The raw materials and equipment used in the invention are common raw materials and equipment in the field if not specified; the methods used in the present invention are conventional in the art unless otherwise specified.

The above description is only a preferred embodiment of the present invention, and is not intended to limit the present invention, and all simple modifications, alterations and equivalents of the above embodiments according to the technical spirit of the present invention are still within the protection scope of the technical solution of the present invention.

Claims (10)

1. A preparation method of a Su Wo Leisheng intermediate is characterized by comprising the following steps:

(1) Mixing a compound of a formula II, an organic solvent and an acid, and then carrying out a tert-butyloxycarbonyl removal reaction to obtain a mixed liquid containing a compound of a formula III; the reaction route is as follows:

(2) Mixing the mixed solution containing the compound of the formula III with alkali, performing ring closing reaction, performing primary purification to remove the alkali, adding acetonitrile, performing hot pulping, filtering while the mixture is hot, concentrating, adding ethyl acetate, performing hot pulping, and filtering to obtain a compound of the formula I, namely a Suvorexant intermediate; the reaction route is as follows:

2. the method according to claim 1, wherein in the step (2), the base is potassium carbonate powder.

3. The method according to claim 2, wherein in the step (2), the preliminary purification process comprises the steps of: filtering, neutralizing the filtrate, filtering again, and concentrating.

4. The method according to claim 2, wherein in the step (2), the potassium carbonate powder has a particle size of less than 100 μm; the molar ratio of the compound of formula II in step (1) to the potassium carbonate powder in step (2) is 1:1.5 to 4.
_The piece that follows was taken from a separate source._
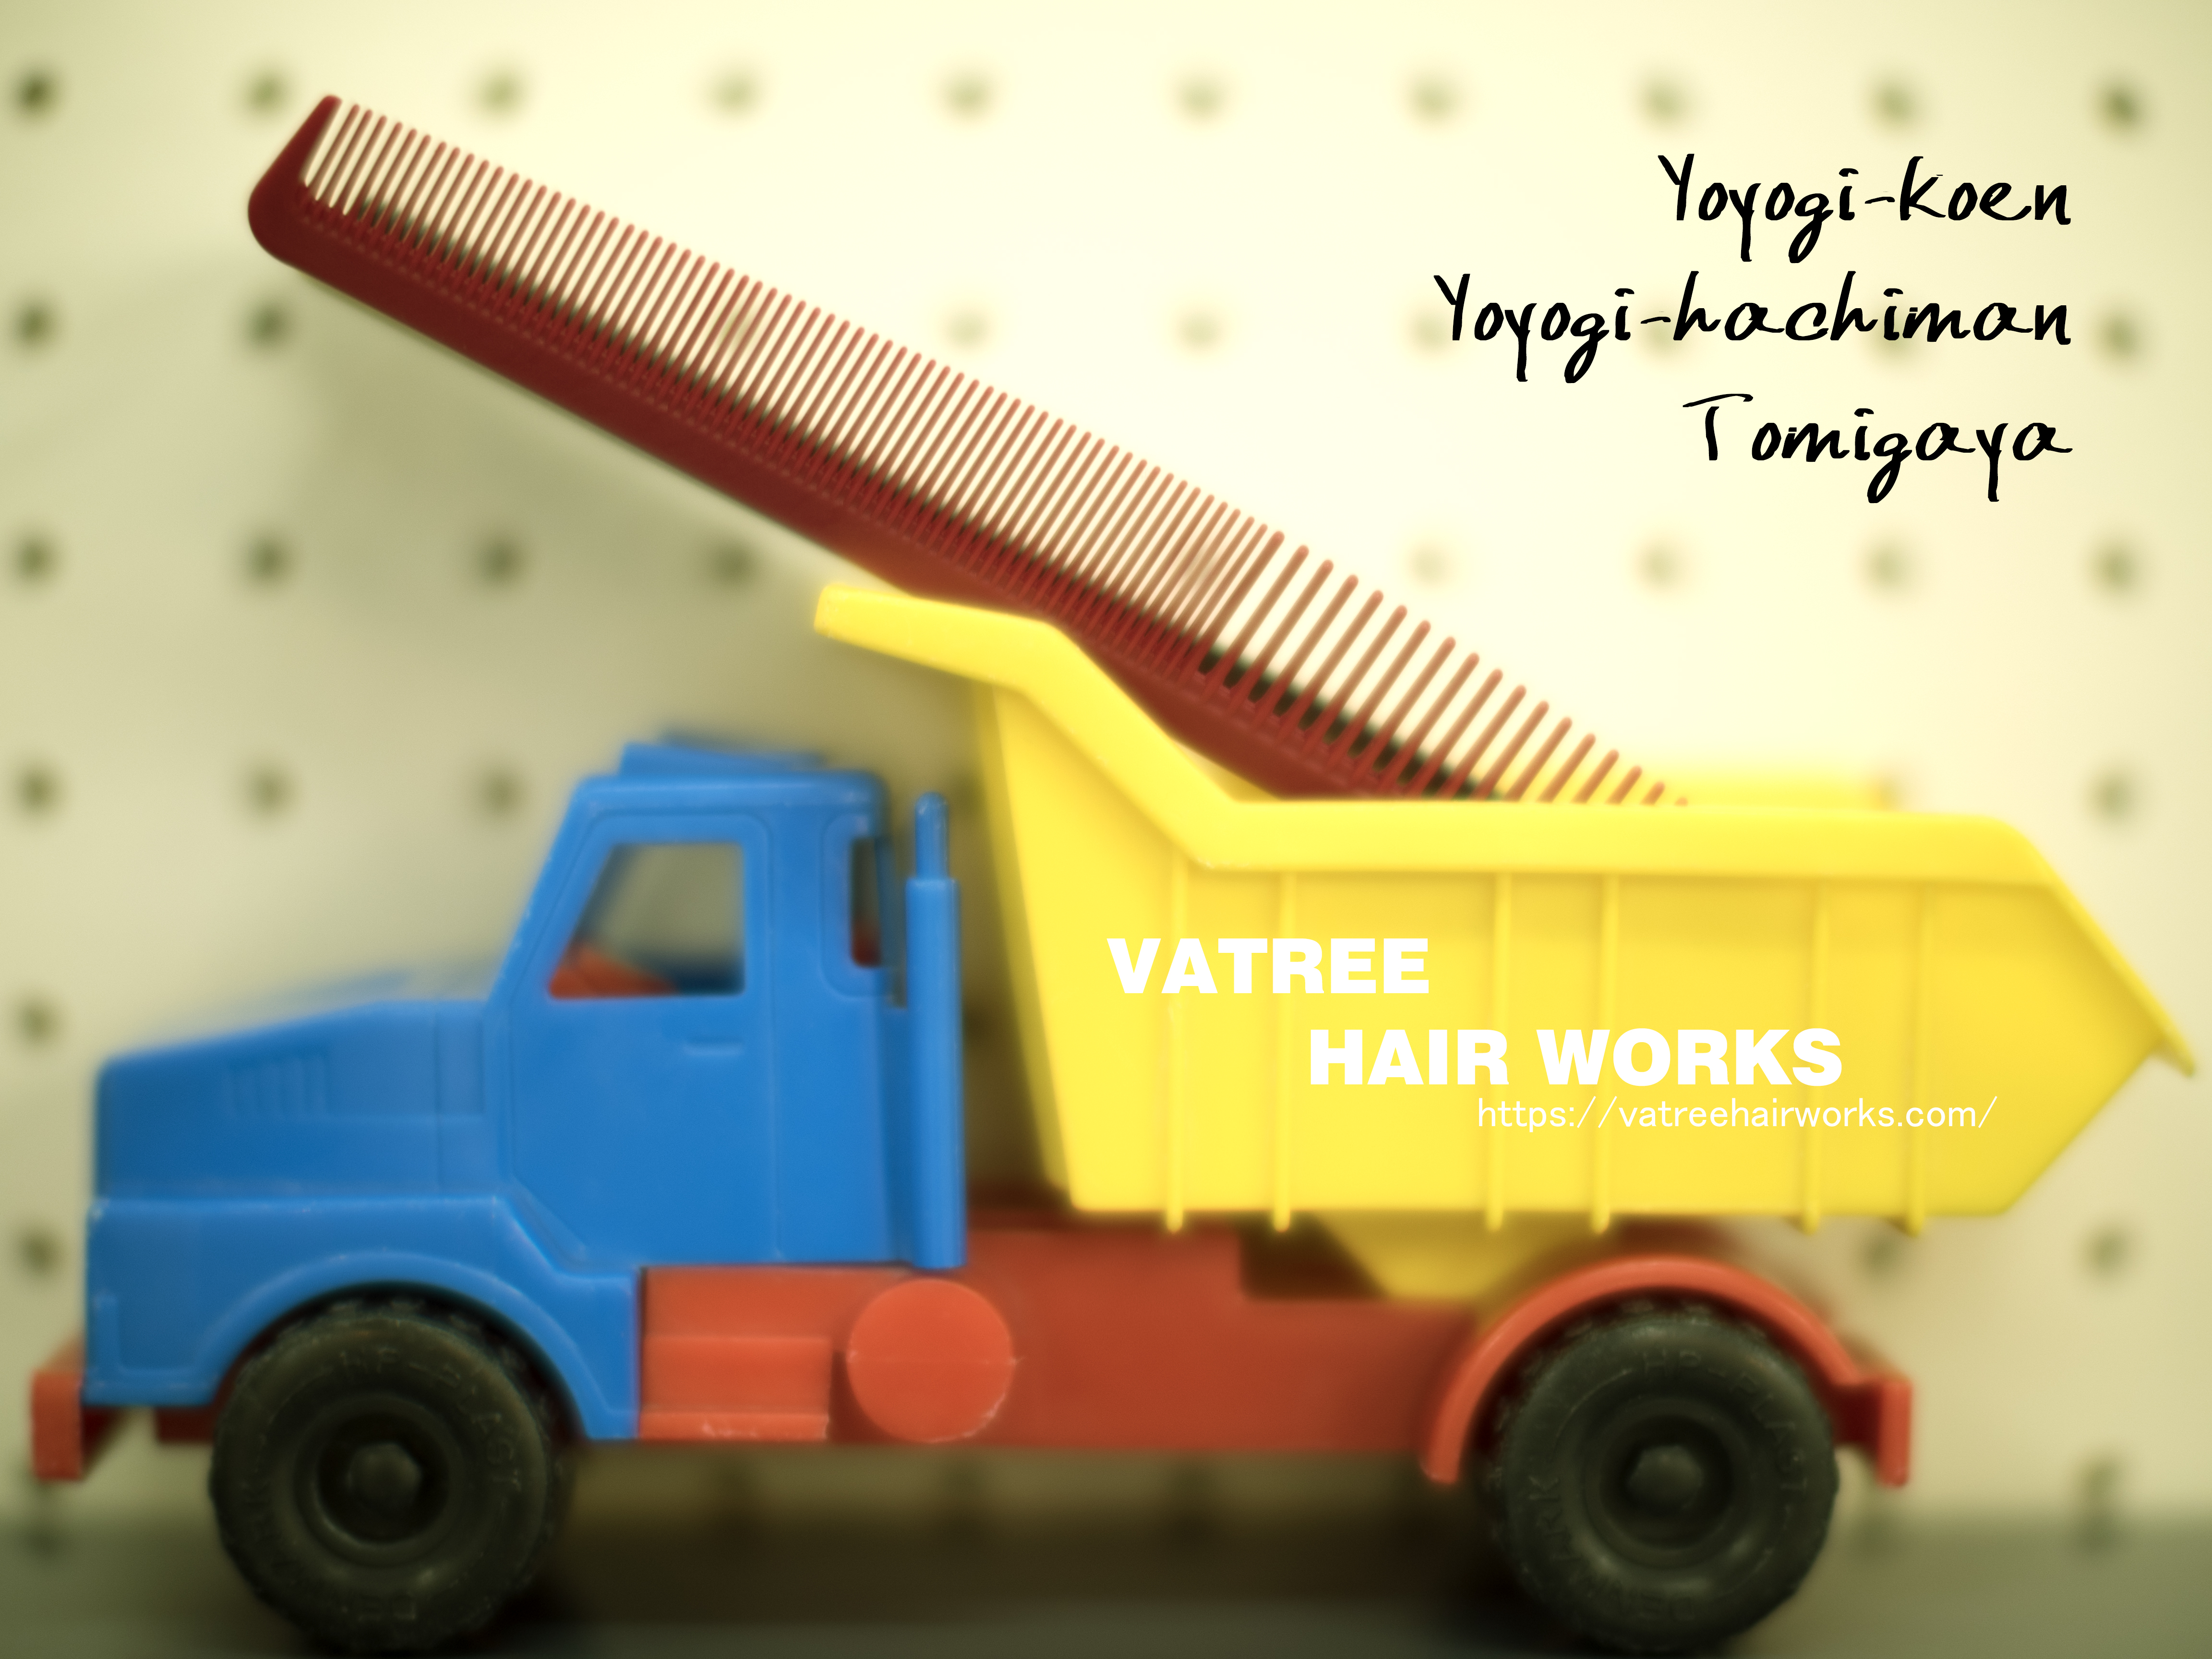 VATREE HAIR WORKSと書かれた車のおもちゃ

5. The process according to claim 1, wherein the mass to volume ratio of the compound of formula II in step (1) to the acetonitrile in step (2) is 1kg:6 to 10L.
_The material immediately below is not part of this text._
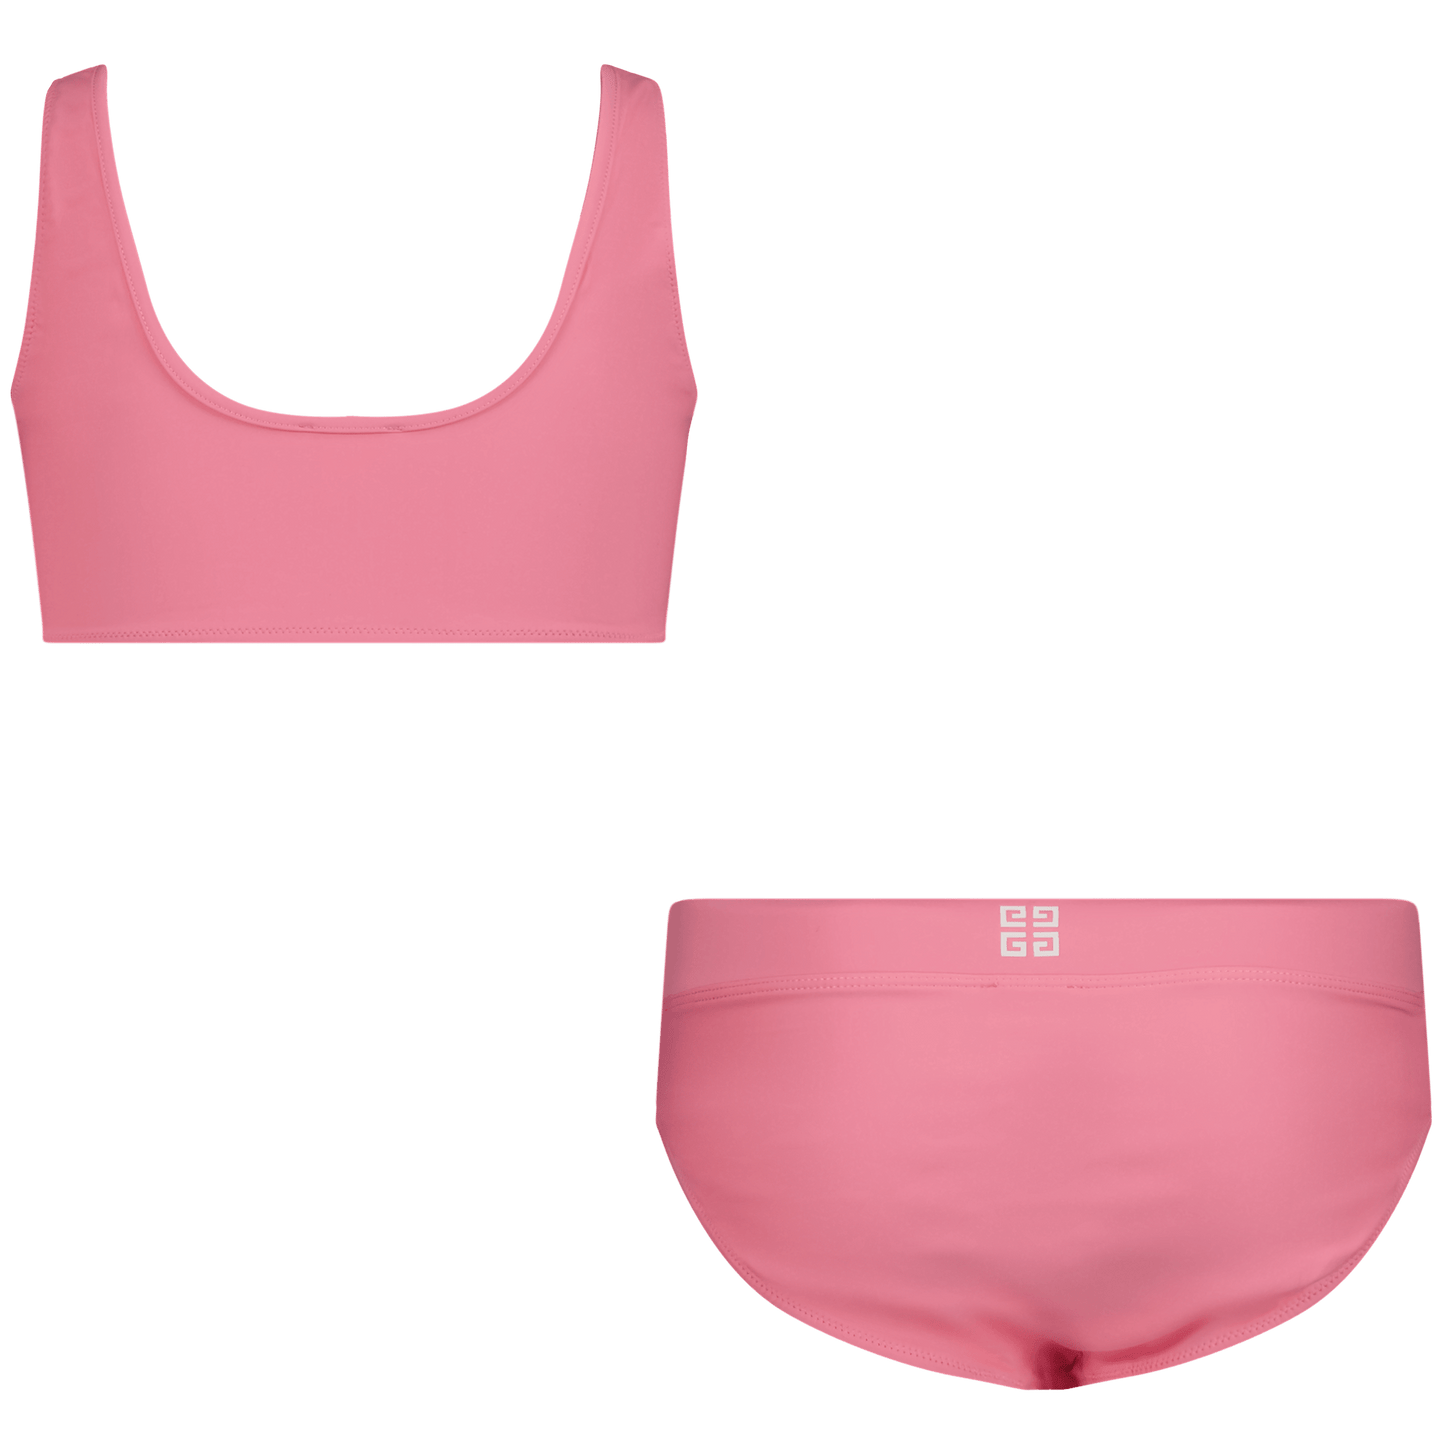 Givenchy Kinder Meisjes Zwemkleding Roze 4Y

6. The method according to claim 1, wherein in the step (2), the temperature of the hot beating is 70-75 ℃ during the hot beating by adding acetonitrile.

7. The method according to claim 1, wherein in the step (1), the organic solvent is methanol, and the acid is a methanolic solution of hydrogen chloride.

8. The method according to claim 7, wherein the hydrogen chloride-methanol solution contains 3 to 5mol/L of hydrogen chloride; the mass volume ratio of the compound shown in the formula II to the hydrogen chloride methanol solution is 1kg:1 to 2L.

9. The method according to claim 1, wherein the temperature of the ring-closing reaction in the step (2) is 0 to 35 ℃.

10. The method according to claim 1, wherein the t-butoxycarbonyl removing reaction in step (1) is carried out at a temperature of 20 to 30 ℃ for 10 to 18 hours.